Checked it with parquet-tools:
message schema {
optional fixed_len_byte_array(2) d1 (DECIMAL(4,0));
}
Change-Id: I003220b6e2ef39d25d1c33df62c8432803fdc6eb
Reviewed-on: http://gerrit.cloudera.org:8080/18224
Reviewed-by: Zoltan Borok-Nagy <bo...@cloudera.com>
Tested-by: Impala Public Jenkins <im...@cloudera.com>
---
be/src/exec/parquet/parquet-data-converter.h | 29 +++++++++--
be/src/exec/parquet/parquet-metadata-utils.cc | 55 ++++++++++++++++-----
testdata/bad_parquet_data/README | 37 ++++++++++----
testdata/bad_parquet_data/illegal_decimals.parq | Bin 1957 -> 1722 bytes
testdata/data/README | 11 +++++
testdata/data/no_scale.parquet | Bin 0 -> 335 bytes
.../queries/QueryTest/default-scale.test | 6 +++
.../queries/QueryTest/parquet-abort-on-error.test | 16 ++----
.../QueryTest/parquet-continue-on-error.test | 16 ++----
tests/query_test/test_scanners.py | 4 ++
10 files changed, 126 insertions(+), 48 deletions(-)
diff --git a/be/src/exec/parquet/parquet-data-converter.h b/be/src/exec/parquet/parquet-data-converter.h
index feb0cab..387967b 100644
--- a/be/src/exec/parquet/parquet-data-converter.h
+++ b/be/src/exec/parquet/parquet-data-converter.h
@@ -57,6 +57,26 @@ class ParquetDataConverter {
}
private:
+ int32_t GetScale() const {
+ if (parquet_element_->__isset.logicalType
+ && parquet_element_->logicalType.__isset.DECIMAL) {
+ return parquet_element_->logicalType.DECIMAL.scale;
+ }
+
+ if (parquet_element_->__isset.scale) return parquet_element_->scale;
+
+ // If not specified, the scale is 0
+ return 0;
+ }
+
+ int32_t GetPrecision() const {
+ if (parquet_element_->__isset.logicalType
+ && parquet_element_->logicalType.__isset.DECIMAL) {
+ return parquet_element_->logicalType.DECIMAL.precision;
+ }
+
+ return parquet_element_->precision;
+ }
/// Returns true if we need to do a conversion from the Parquet type to the slot type.

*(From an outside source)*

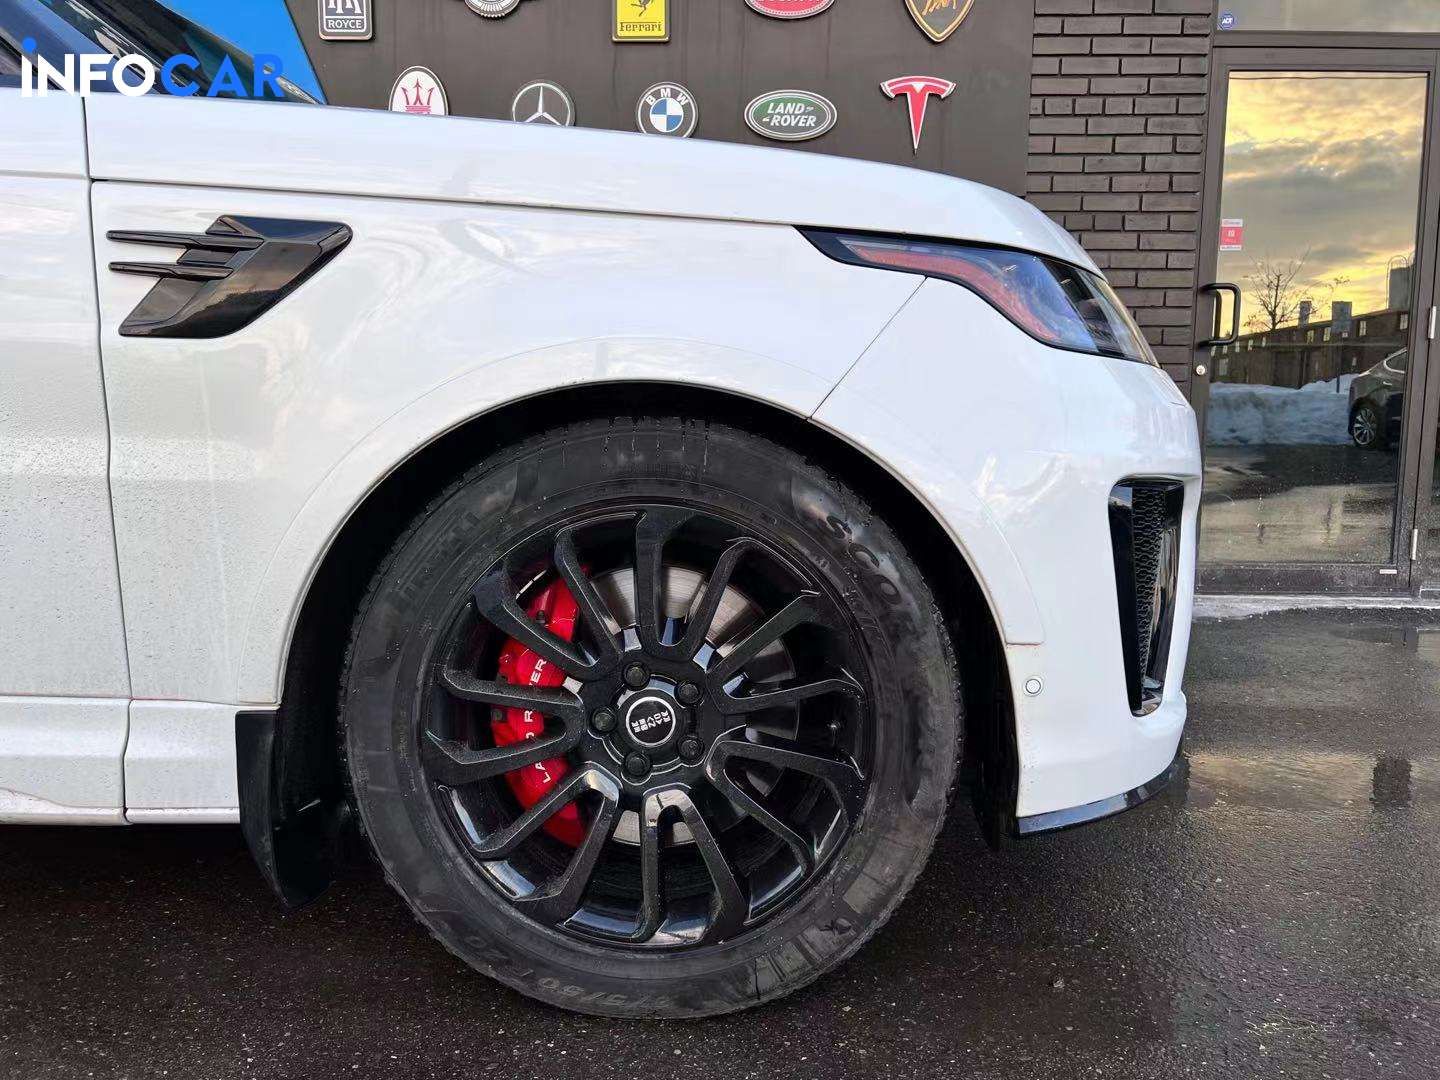 2018 Land Rover Range Rover Sport SVR - INFOCAR - Toronto Auto Trading Platform

bool CheckIfNeedsConversion() {
if (!MATERIALIZED) return false;
@@ -67,17 +87,16 @@ class ParquetDataConverter {
return true;
}
if (col_type_->type == TYPE_DECIMAL) {
- if (col_type_->precision != parquet_element_->precision) {
+ if (col_type_->precision != GetPrecision()) {
// Decimal values can be stored by Decimal4Value (4 bytes), Decimal8Value, and
// Decimal16Value. We only need to do a conversion for different precision if
// the values require different types (different byte size).
- if (ColumnType::GetDecimalByteSize(parquet_element_->precision)
- != col_type_->GetByteSize()) {
+ if (ColumnType::GetDecimalByteSize(GetPrecision()) != col_type_->GetByteSize()) {
return true;
}
}
// Different scales require decimal conversion.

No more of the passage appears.